All the tuxedo jacket buttons are covered with the same satin fabric as the lapel.
We make all kinds of tuxedo jackets in flowing wool and wool blend fabrics. Know more about ordering here..
There are essentially two distinct front panel styles:
Pique Bib Panel: An additional fabric paneling covers the chest area around the shirt placket on the front like a sewn bib. It ends just below the fifth button from the top and can be U-shaped or square shaped.
This design generally looks best in french placket style.
Pleated Panel: This is a more elaborate and decorative style in a tuxedo shirt and stands out due to the pleated pattern it forms on the front. The shirt pleats start from where the neck and shoulder seams meet and cover the front chest. They can go down till the hem or end like a bib depending upon the style preference one may have.
Boxed Placket looks better in this style of a tuxedo shirt.
Traditionally a classic tuxedo shirt has a separate removable button strip that covers the first four buttons (after the top button) of the tuxedo shirt. These buttons are small, round, and made of black resin. The remaining buttons are standard white or MOP buttons. However, nowadays, many tuxedo shirts are made with fixed buttons. These buttons can be of raisins or otherwise.
Collars: Tuxedos shirts are paired with a black necktie or a bow tie. For the neckties, a classic cutaway collar works best. One can try the presidential or the hidden button-down collars, but it will depend on the quality of collar making.
One can opt for either a standard collar or the wingtips for the bowties. That being said, a crisp white classic formal shirt also goes well with a tuxedo jacket since it is the jacket that takes all the attention. So don’t sweat too much. Just ensure that the cuff of your shirt is a square cut French cuff, and you wear nice cufflinks with it.

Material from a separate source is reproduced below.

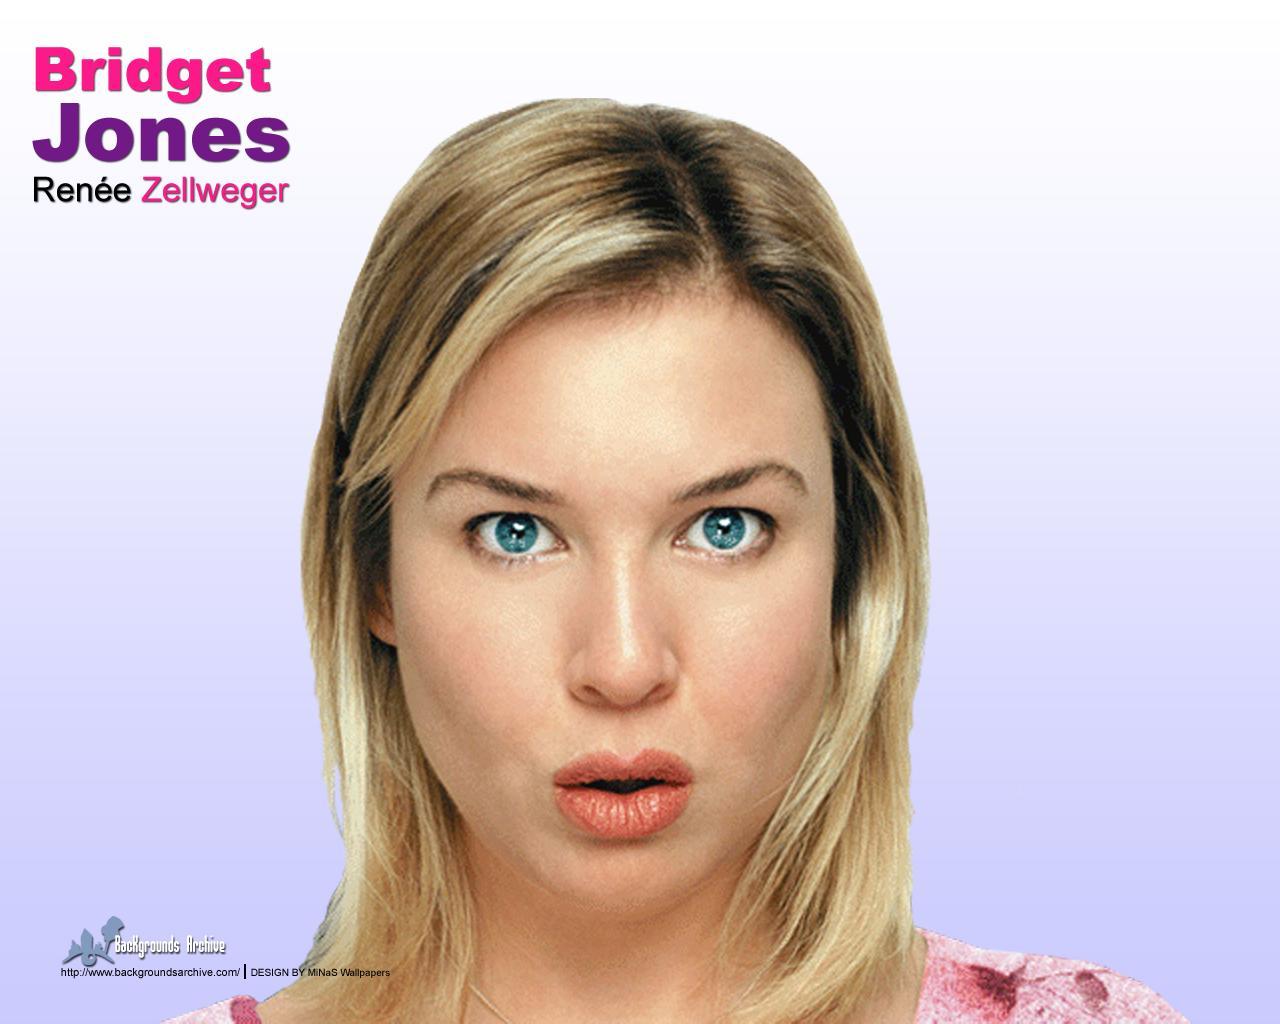 http://4.bp.blogspot.com/-264QcWr-TCE/UNn0BQF9SfI/AAAAAAAATEk/jiYaXIK7m3A/s1600/Bridget-Jones-Rene%CC%81e-Zellweger.jpg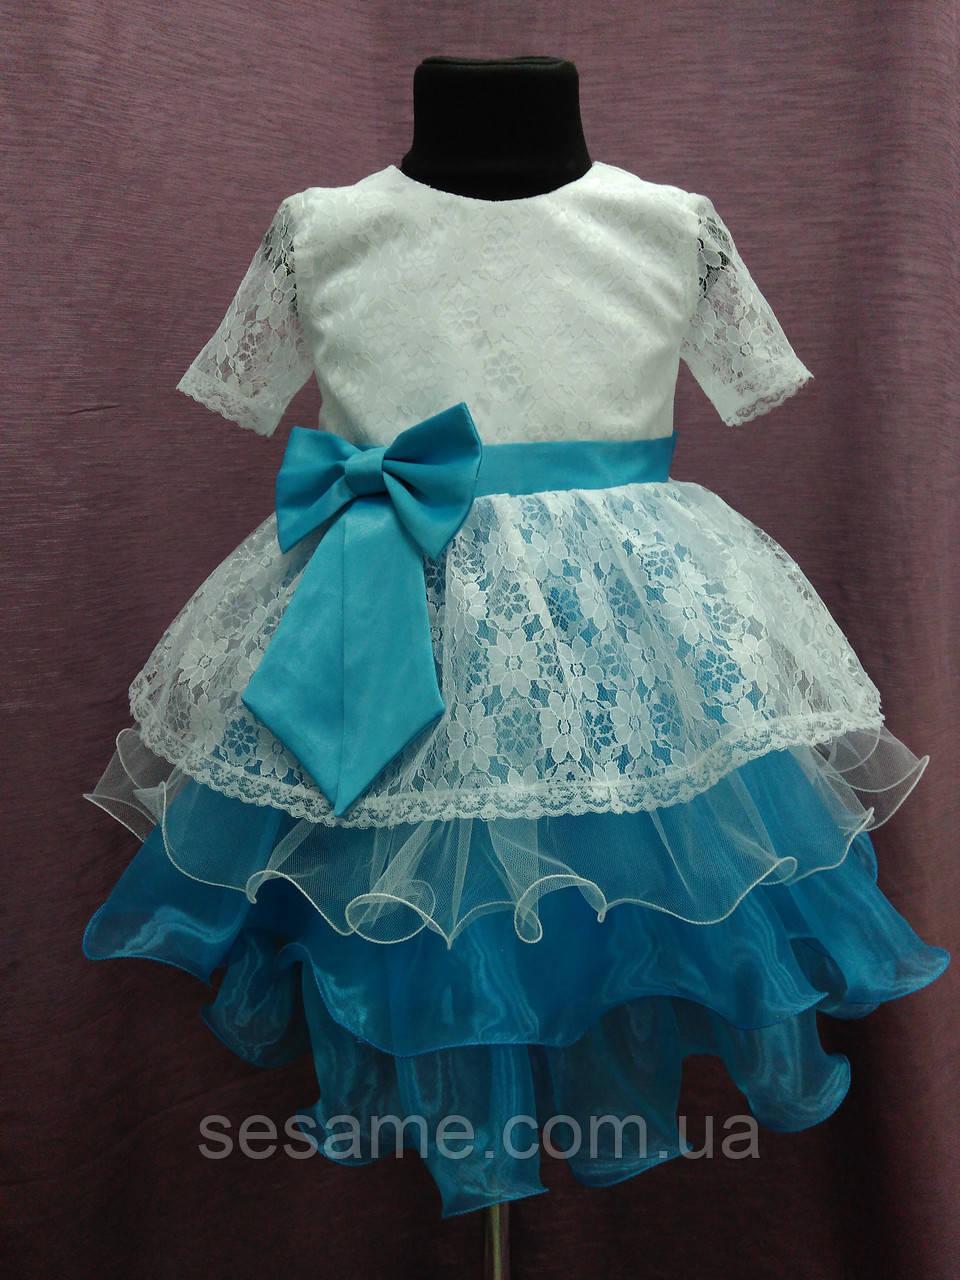 Платье детское нарядное с многослойной юбочкой на 3-5 лет белое с голубым

Tuxedo pants are generally black irrespective of the color of the jacket. However, Blue Tuxedo Suits have emerged as an exception & can take blue tuxedo pants. The most important element of tuxedo pants is the satin tape or piping running from the waist down to the bottom hem alongside the outer seem. These pants are not worn with belts, or at least they are not to be seen. As it is, the waist part is supposed to get hidden under a cummerbund.